The most valuable insight is clarifying the role of "unlabeled context": it is not just more prompt length, but a signal to construct a contextual representation \(\phi(X)\).
The two-stage construction bridges semi-supervised learning, spectral geometry, and ICL theory. It provides more mechanistic clarity than simply saying "Transformers use context."
The structured model serves as an interpretable reference to observe whether standard Transformers eventually learn algorithms like Laplacian Eigenmaps.

Limitations & Future Work¶

Experimental scale is limited to episode-style contexts (\(n=100\)) and VGG features rather than end-to-end large-scale SSL.
Dependence on manifold assumptions: if the neighborhood structure is unrelated to labels, spectral bias might propagate errors.
The analysis uses idealized components (RBF attention, linear power iteration modules). Whether standard Transformers naturally learn these exactly needs more verification.

vs. Traditional Graph SSL: Instead of offline graph construction, this process is internalized into the forward pass, making representations dynamic per context.
vs. Supervised ICL Theory: Extends the "gradient descent in attention" view to semi-supervised settings where queries participate in representation learning.
vs.
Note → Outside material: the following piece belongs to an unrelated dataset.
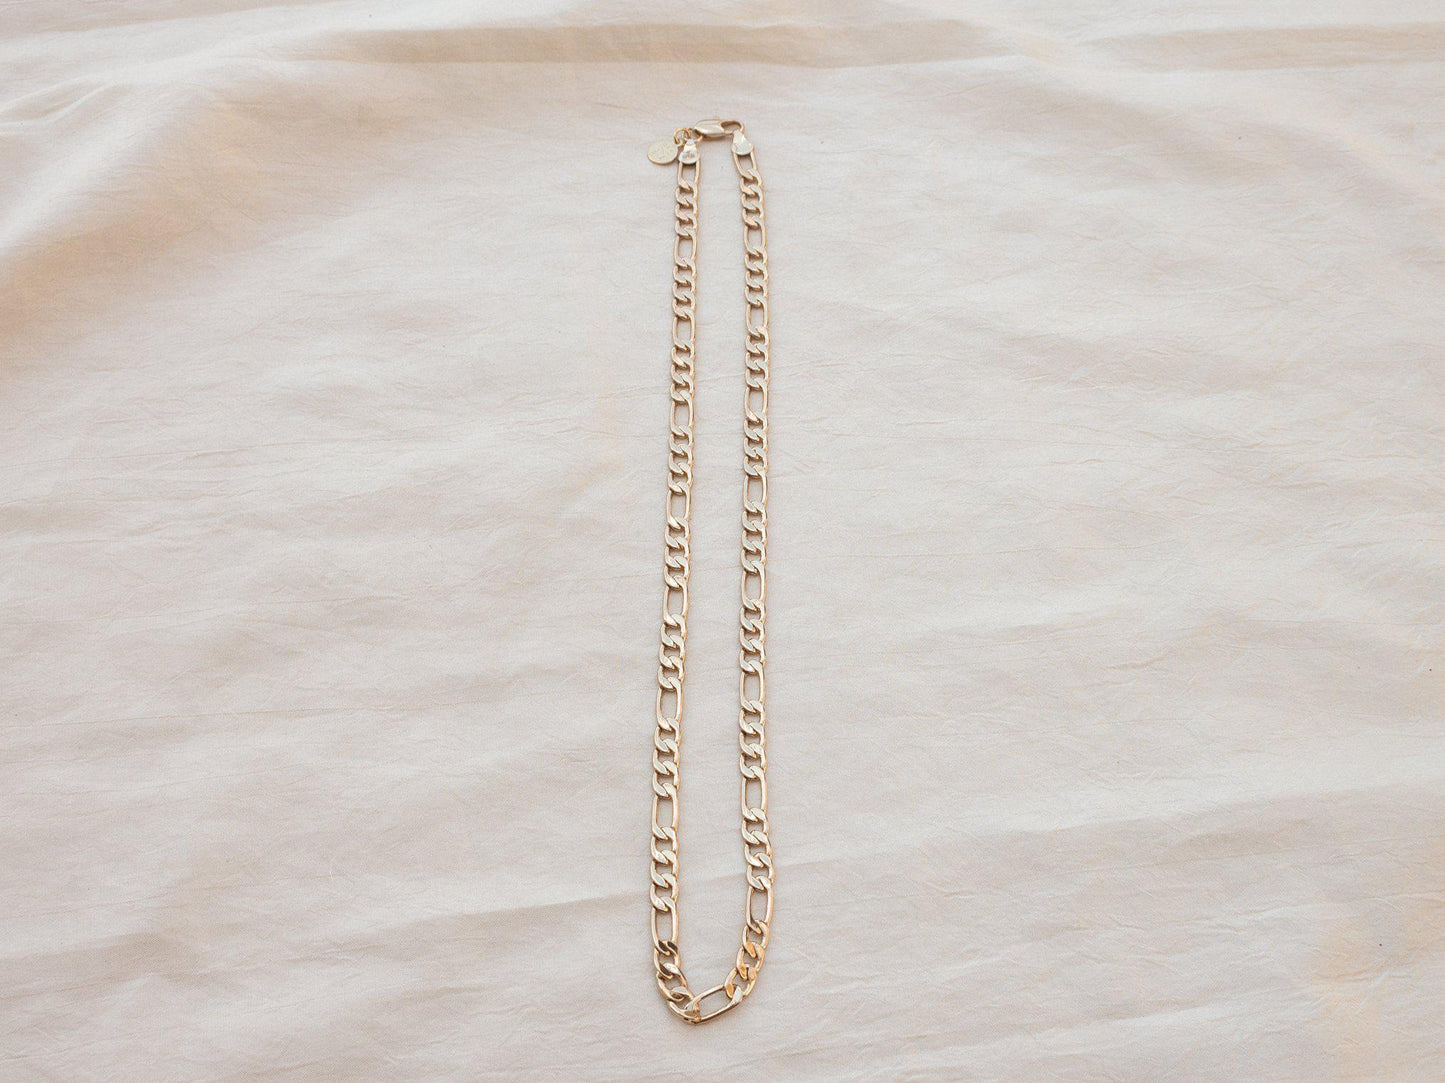 A luxurious thick and bold Figaro chain that looks great solo or layered. 20" long, gold fill. Designed and handmade in Downtown Los Angeles.

Many-shot / Unsupervised ICL: Unlike methods relying on pseudo-label selection, this directly extracts geometric structure from unlabeled tokens.

Rating¶

Novelty: ⭐⭐⭐⭐⭐ (Integrates SSL into ICL framework with a spectral mechanism).
Experimental Thoroughness: ⭐⭐⭐⭐ (Strong manifold and OOD tests; needs more large-scale real-world data).
Writing Quality: ⭐⭐⭐⭐ (Logical flow, though mathematical details in the appendix are dense).
Value: ⭐⭐⭐⭐⭐ (Provides a reusable modeling approach for few-label episode classification).